As an example, let's use the polynomial mentioned above. The zeroes of $x^3-3x+1=0$ can be found on Wolfram Alpha. $$x=-\frac12\left(1-i\sqrt3\right)\sqrt[3]{\frac12\left(-1+i\sqrt3\right)}-\frac{1+i\sqrt3}{2^{2/3}\sqrt[3]{-1+i\sqrt3}} \approx -1.8794$$ $$x=-\frac{1-i\sqrt3}{2^{2/3}\sqrt[3]{-1+i\sqrt3}}-\frac12\sqrt[3]{\frac12\left(-1+i\sqrt3\right)}\left(1+\sqrt3\right) \approx 0.34730$$ $$x=\frac1{\sqrt[3]{\frac12\left(-1+i\sqrt3\right)}}+\sqrt[3]{\frac12\left(-1+i\sqrt3\right)} \approx 1.5321$$ There are all real numbers, but need imaginary numbers to be expressed by radicals.

To my question(s):

  • How do you evaluate such numbers to achieve a real approximation?

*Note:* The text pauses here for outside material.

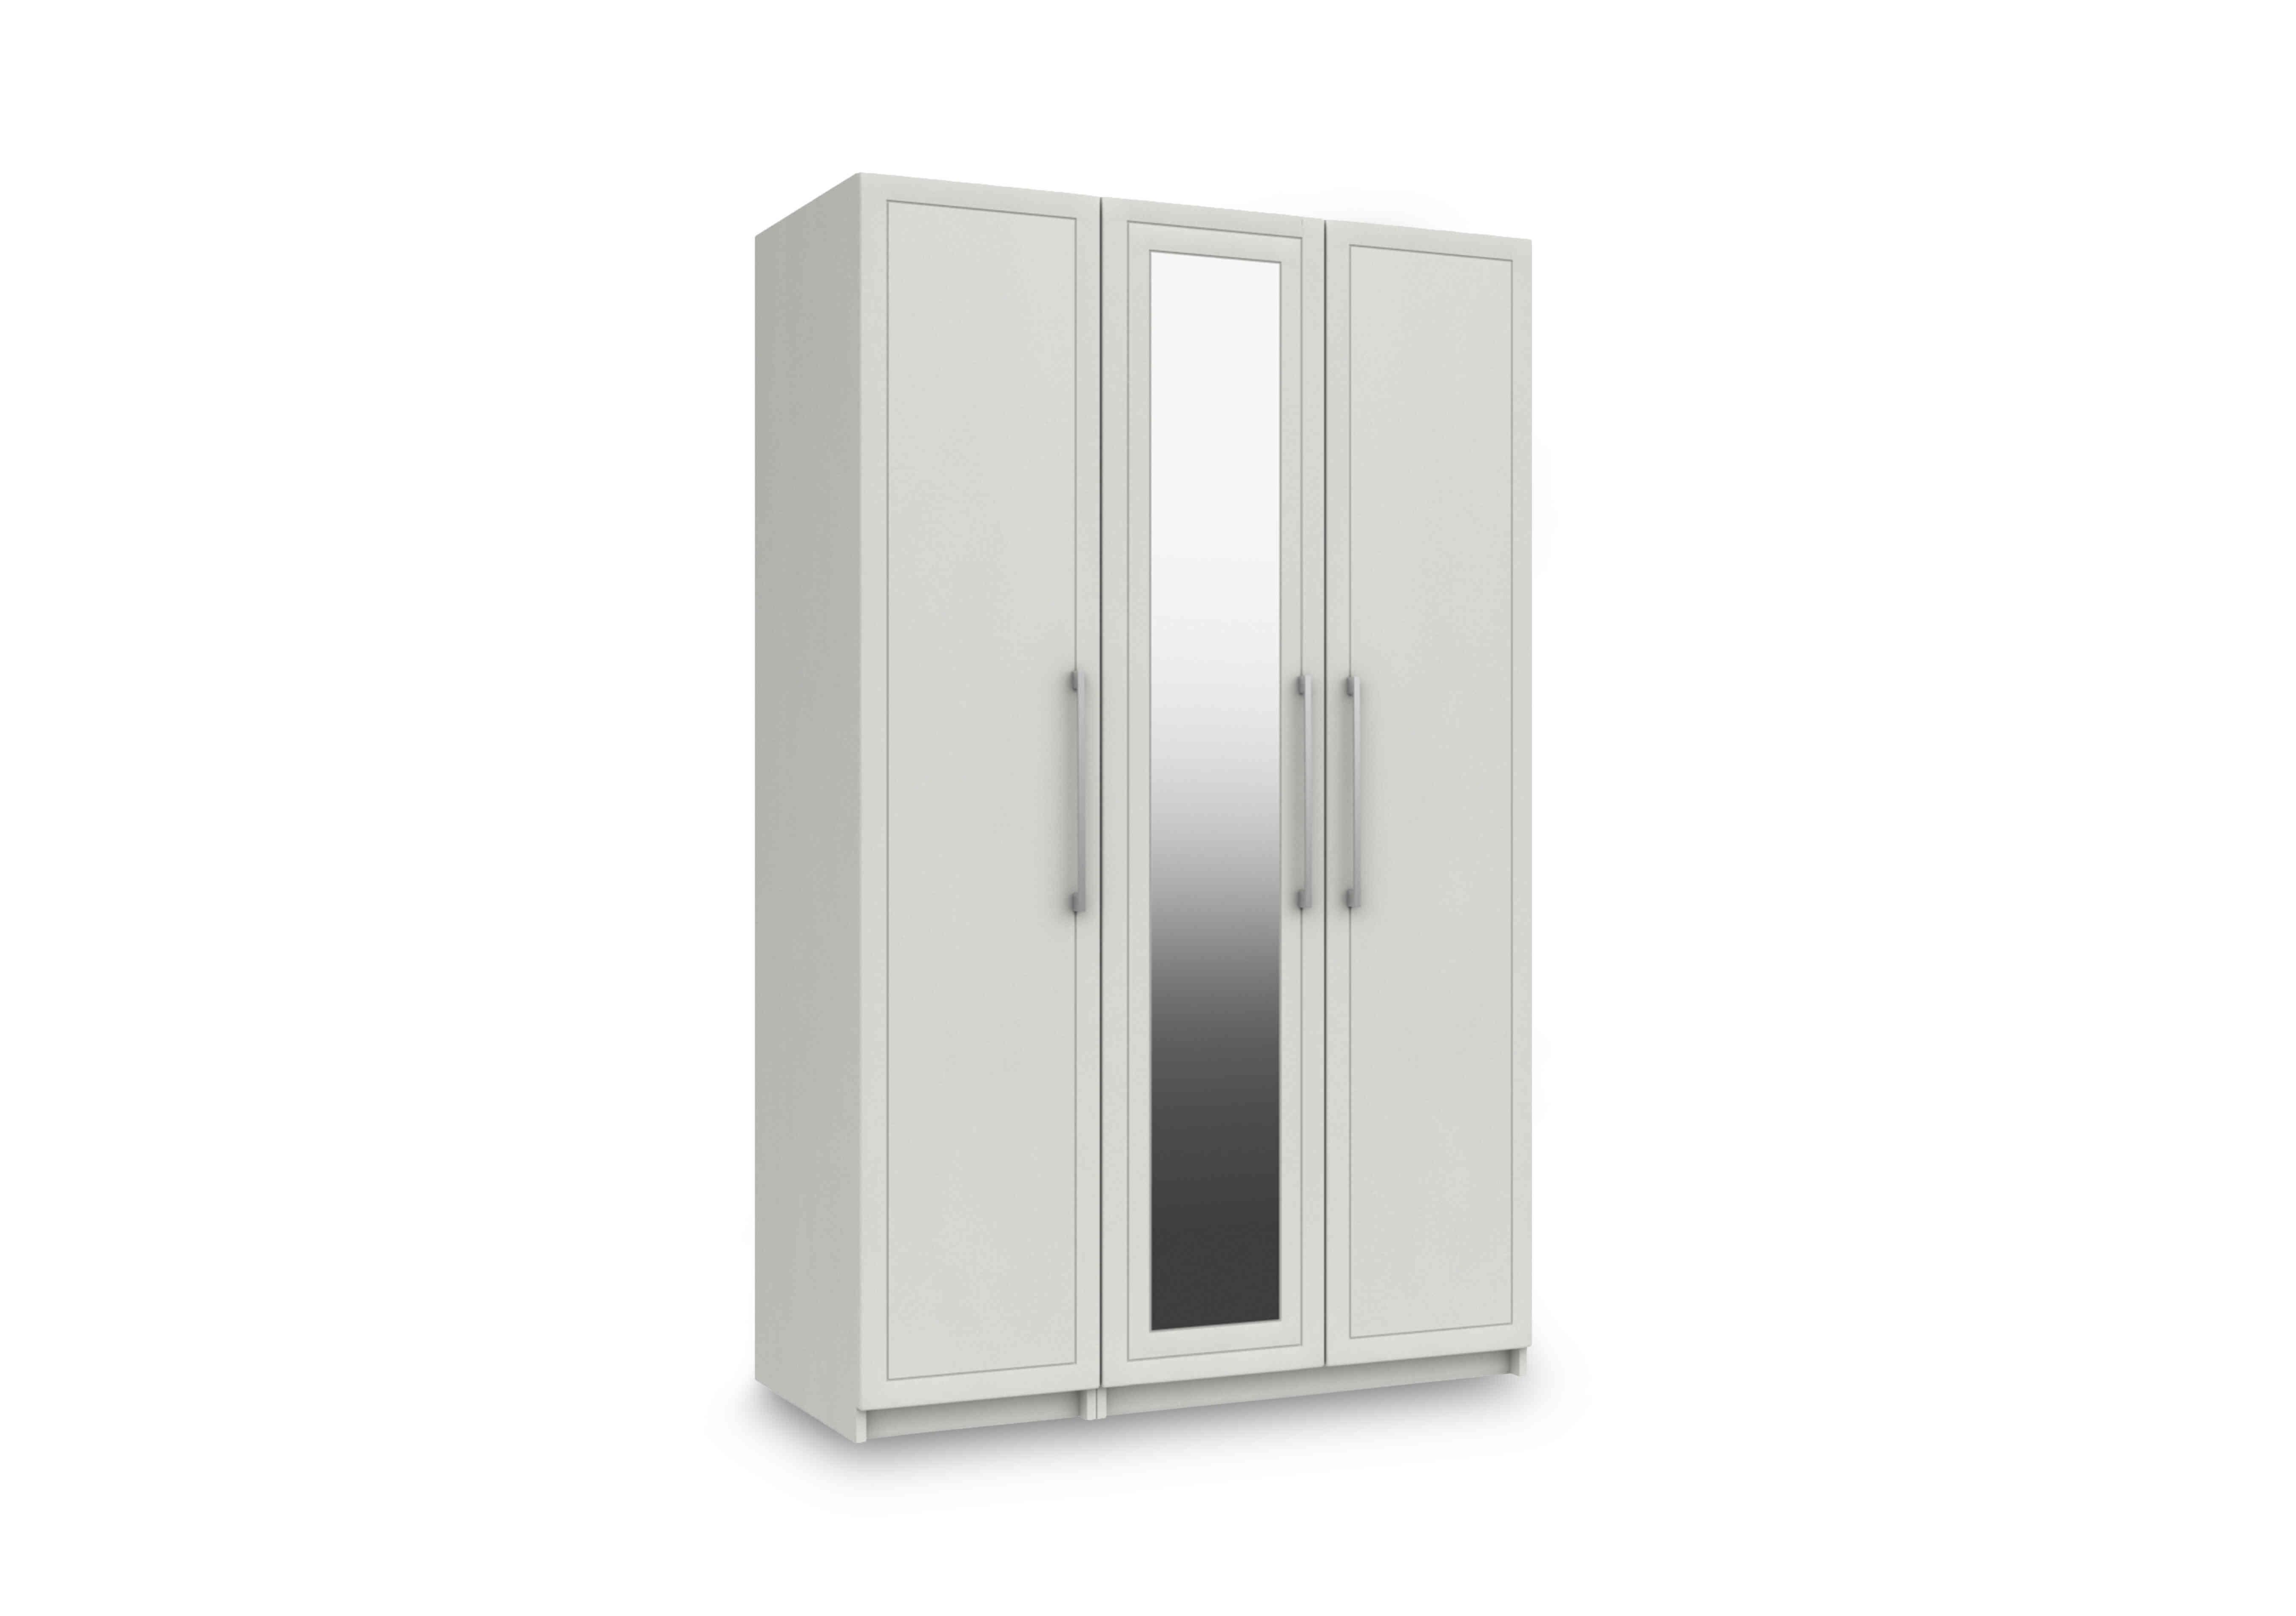 Bexley 3 Door Wardrobe with Mirror Door and Interior Lighting in White Gloss on Furniture Village

If a complicated complex number as one of the above is thrown at you without knowing where it came from, would you need to first find the polynomial for which it is a root and then use numerical methods to extract an approximation of the root?
  • Can you determine if a radical expression involving imaginary numbers is real without going through the whole process of evaluating (approximating) it?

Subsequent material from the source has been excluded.